6. Tipo "BVT" (1600 kg de gallinaza, 1600 kg de estiércol vacuno, 1000 kg ceniza de cascarilla de arroz, 275 kg tierra de bosque, 91 kg afrecho de arroz, 2.3 kg de levadura, 95 L de melaza y 200 L de agua).

Proporción de mezcla de materiales en diferentes compost

La elaboración de este tipo de enmienda (compost) se realiza mezclando diferentes fuentes orgánicas en fincas de productores. A continuación se indica la proporción de mezcla de los materiales utilizados en los compost analizados.

1. Tipo "C JP" (640 kg de estiércol vacuno, 640 kg de tierra de bosque, 640 kg pulpa de café y 80 kg de diferentes restos vegetales).

2. Tipo "CCP" (425 kg de estiércol bovino, 1000 kg de tierra, 425 kg de pulpa de café y 50 kg de restos vegetales).

3.  Tipo "CALC" (1136 kg de estiércol bovino, 682 kg de gallinaza, 445 kg de afrecho de arroz, 909 kg cascarilla de arroz, 445 kg cascarilla de arroz quemada, 409 kg desperdicios de cosecha, 191 kg leguminosa, 9 kg de materiales inoculados con microorganismos eficientes, 4 L de melaza y 200 L de agua).

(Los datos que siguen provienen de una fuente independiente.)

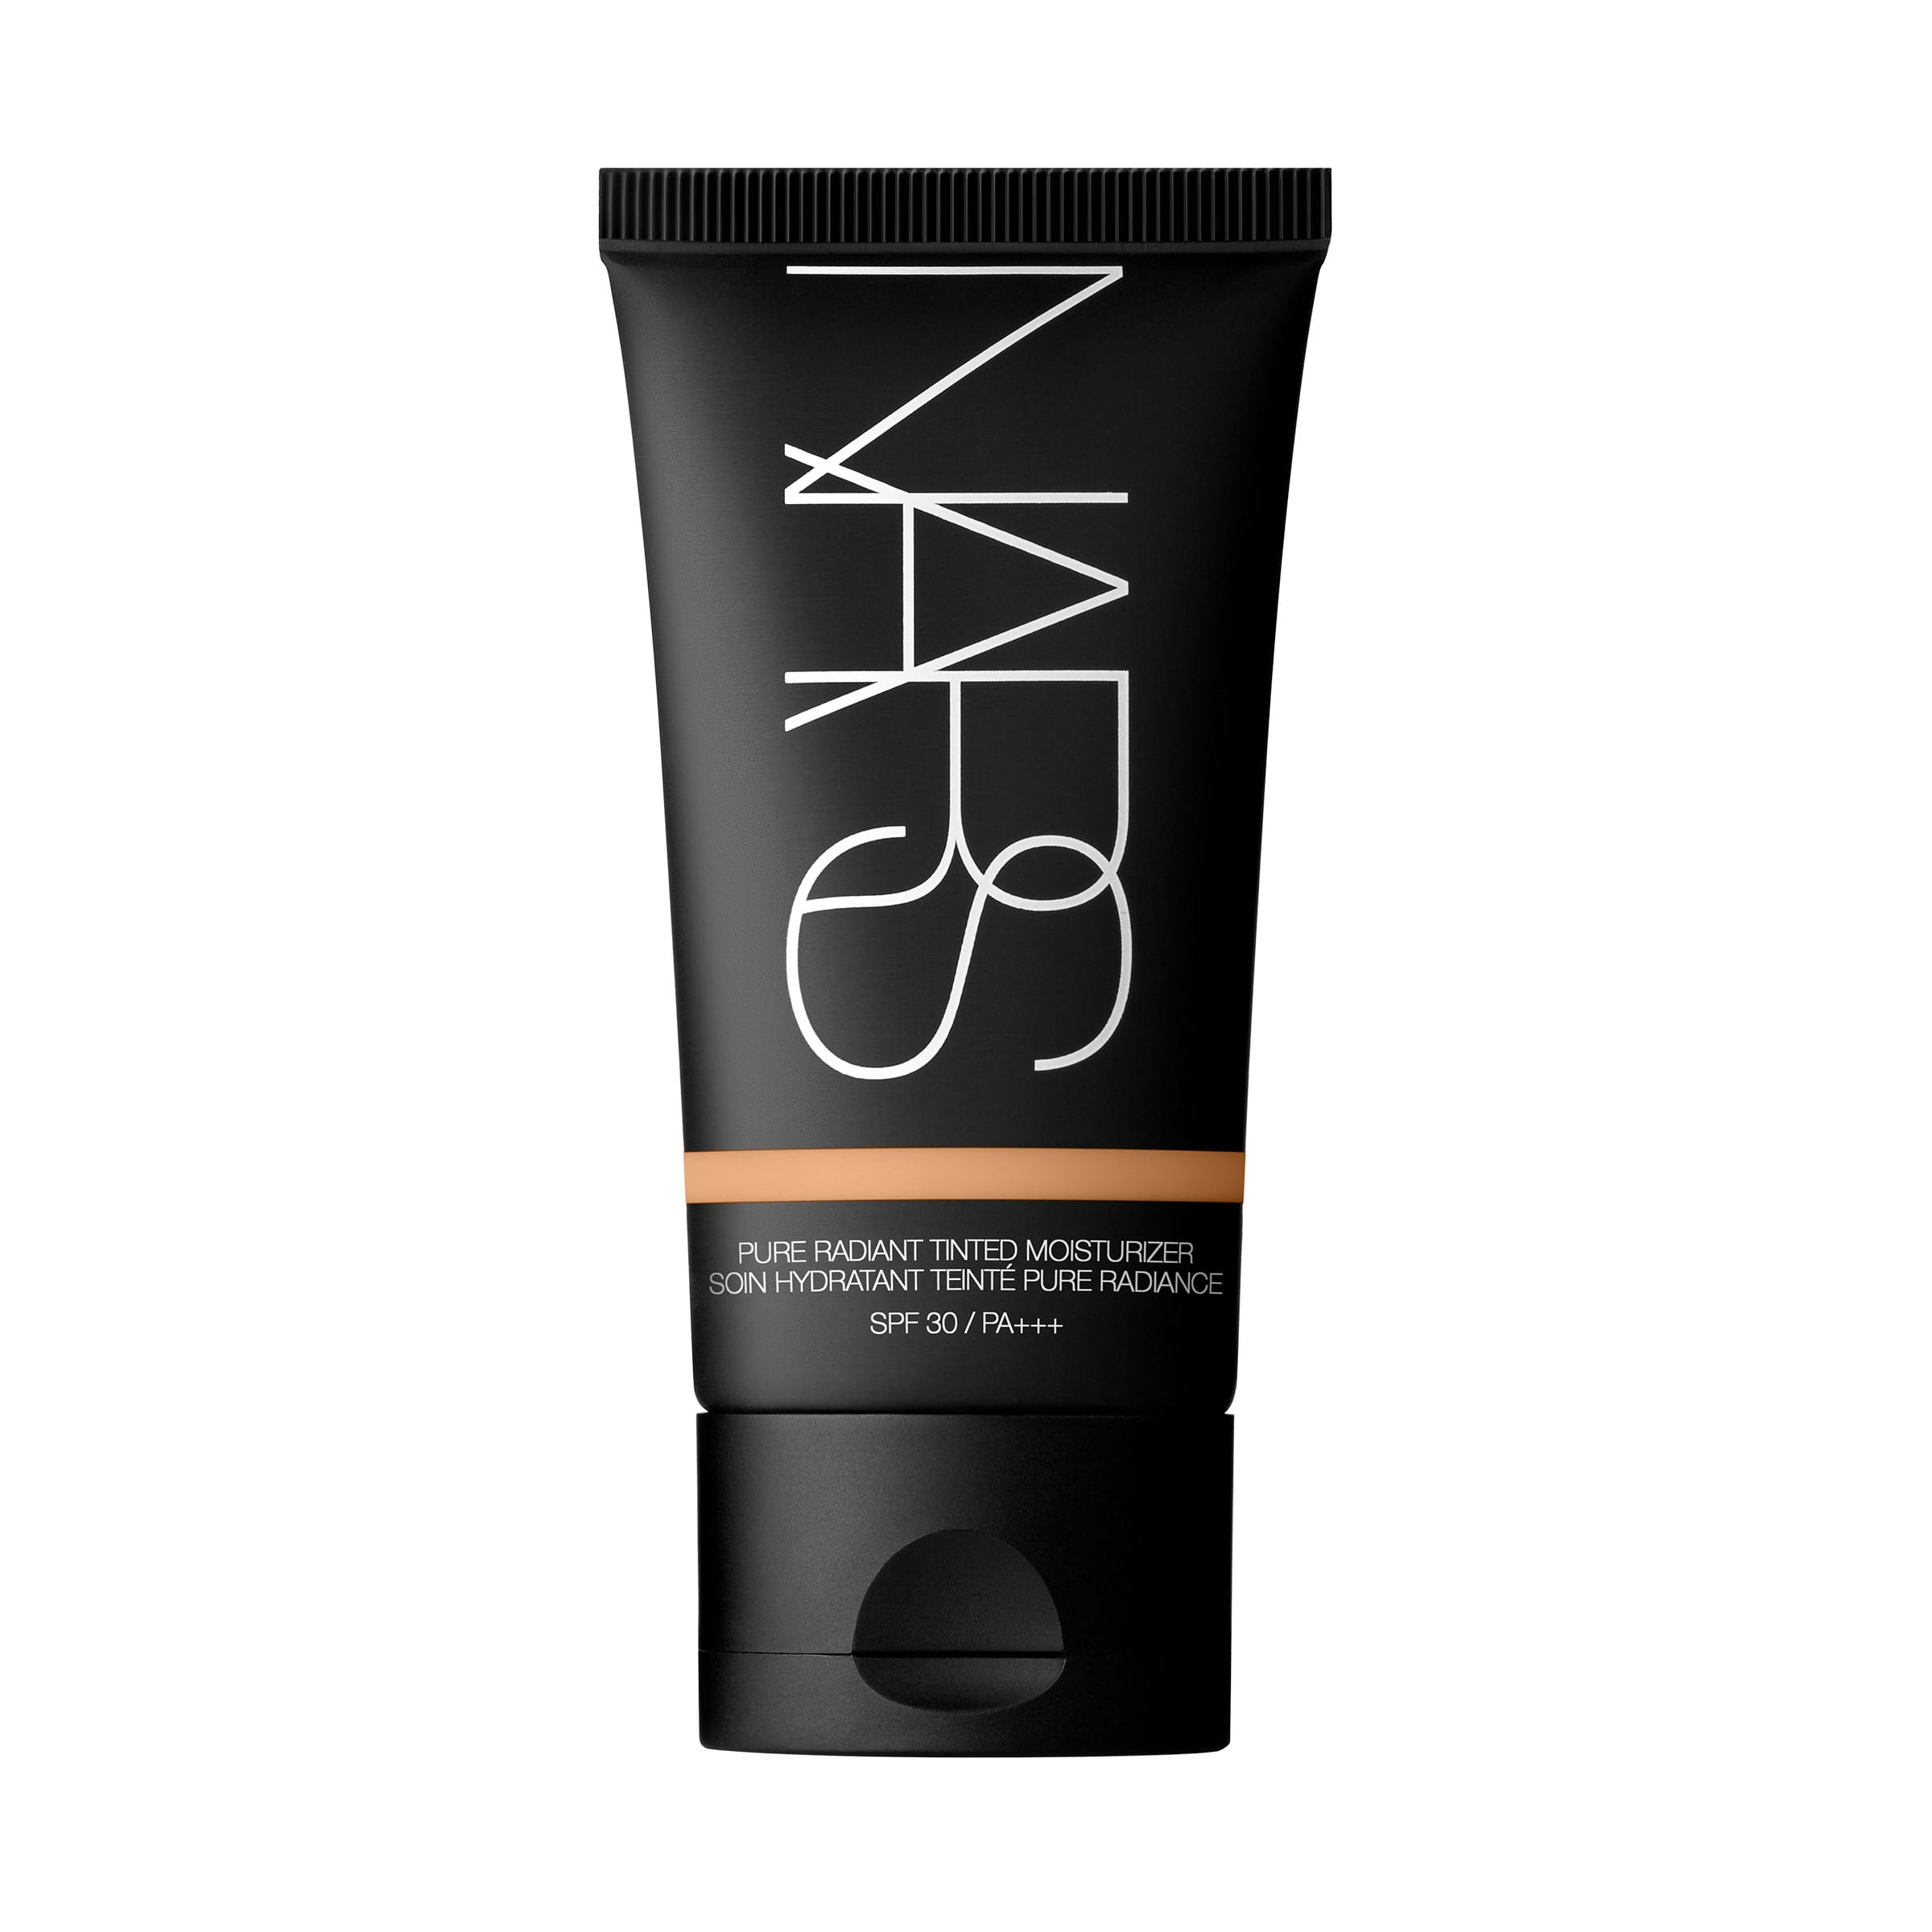 Nars Pure Radiant Tinted Moisturiser Spf 30/pa+++ In Neutral

4.  Tipo "CV" (2182 kg de pedúnculos de bananos picados, 773 kg de estiércol bovino, 273 kg de estiércol caprino, 1000 kg de tierra de bosque, 273 kg de aserrín de madera, 45 kg de ceniza de madera, 227 kg de gramíneas y 200 L de lixiviado de pedúnculos de banano).

5.  Tipo "CMC" (13700 kg de estiércol caprino, 13700 kg de estiércol vacuno, 10200 kg de gallinaza, 4600 kg de pulpa de café, 4600 kg de "tuza" de maíz molida, 5200 kg residuos de plantas leguminosas, 2700 kg ceniza de cascarilla de arroz y 300 L agua).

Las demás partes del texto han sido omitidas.